Data section:
:::

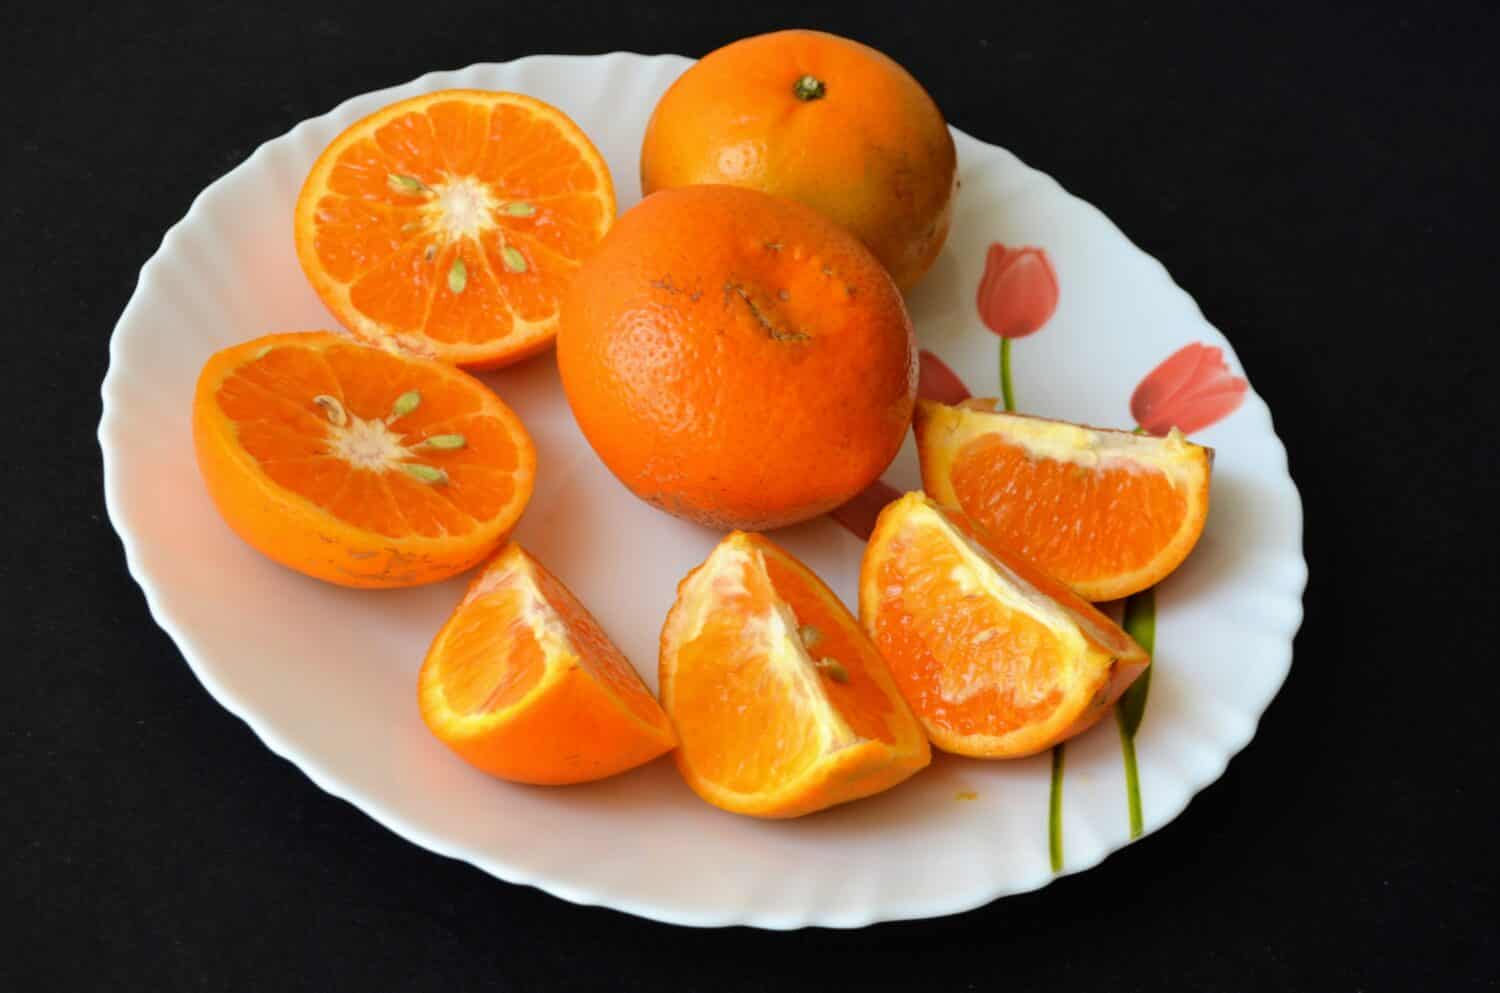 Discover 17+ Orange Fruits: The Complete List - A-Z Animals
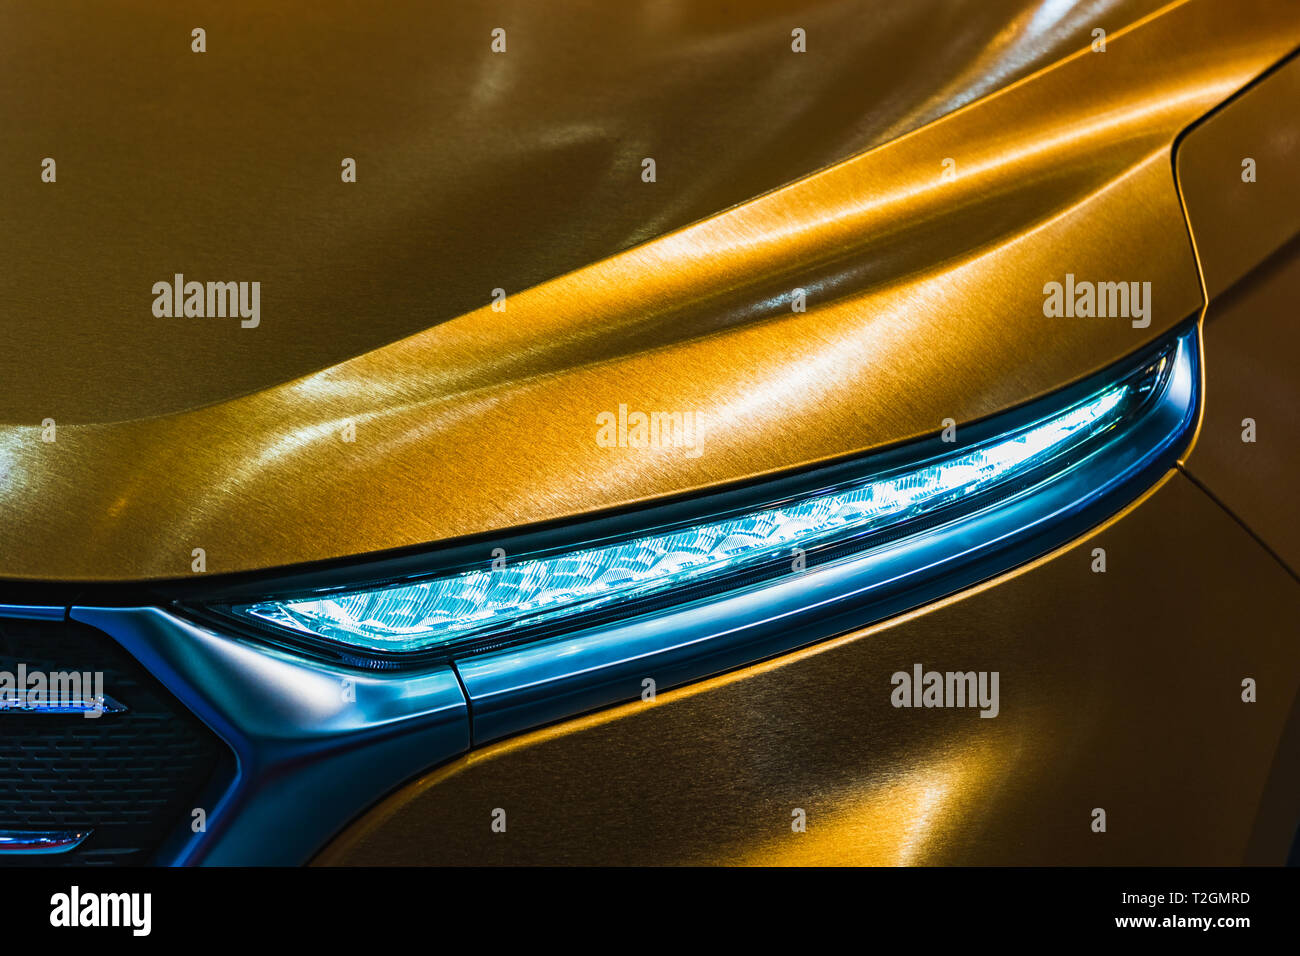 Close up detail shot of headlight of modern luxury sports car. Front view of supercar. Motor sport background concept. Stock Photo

:::

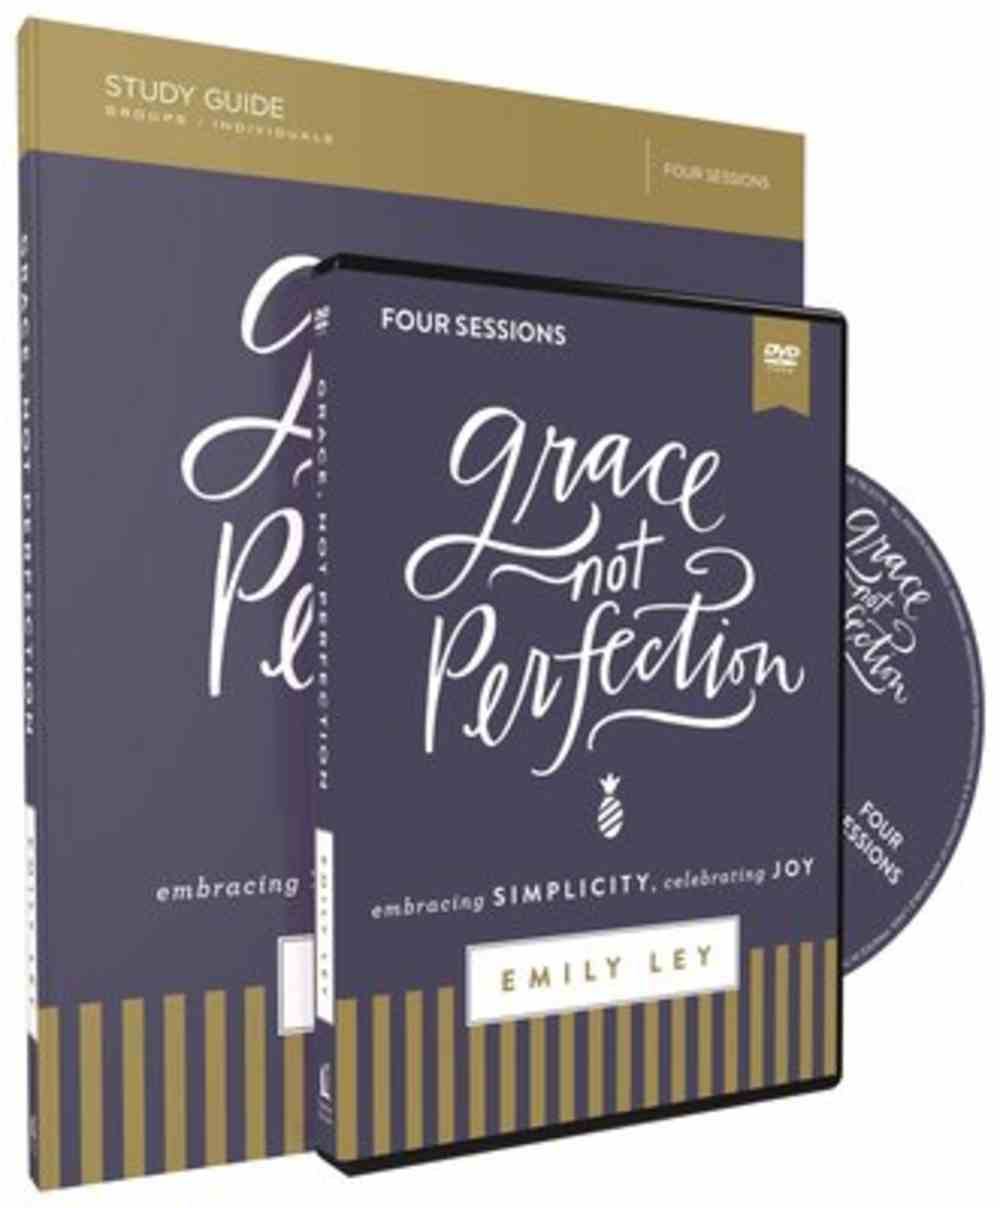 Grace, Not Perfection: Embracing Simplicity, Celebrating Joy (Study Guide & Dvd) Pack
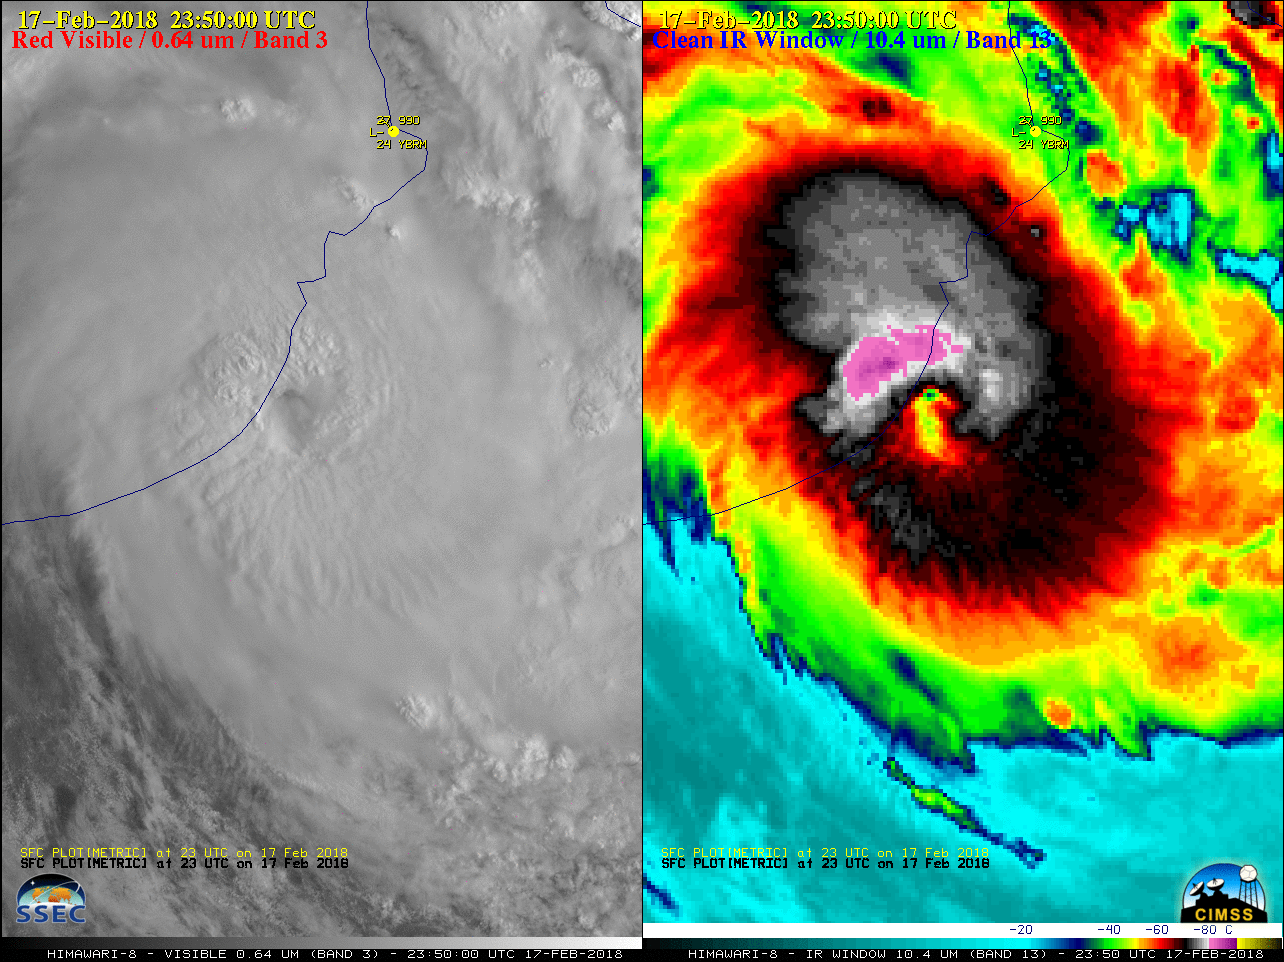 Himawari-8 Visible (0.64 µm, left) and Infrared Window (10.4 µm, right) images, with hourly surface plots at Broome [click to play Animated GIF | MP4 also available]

:::

Your task:
Reproduce the listing above from the line that holds "Discover 17+ Orange" through the line that holds "Close up detail", both included, with the pictures left out.

Answer box:
 Discover 17+ Orange Fruits: The Complete List - A-Z Animals
 Close up detail shot of headlight of modern luxury sports car. Front view of supercar. Motor sport background concept. Stock Photo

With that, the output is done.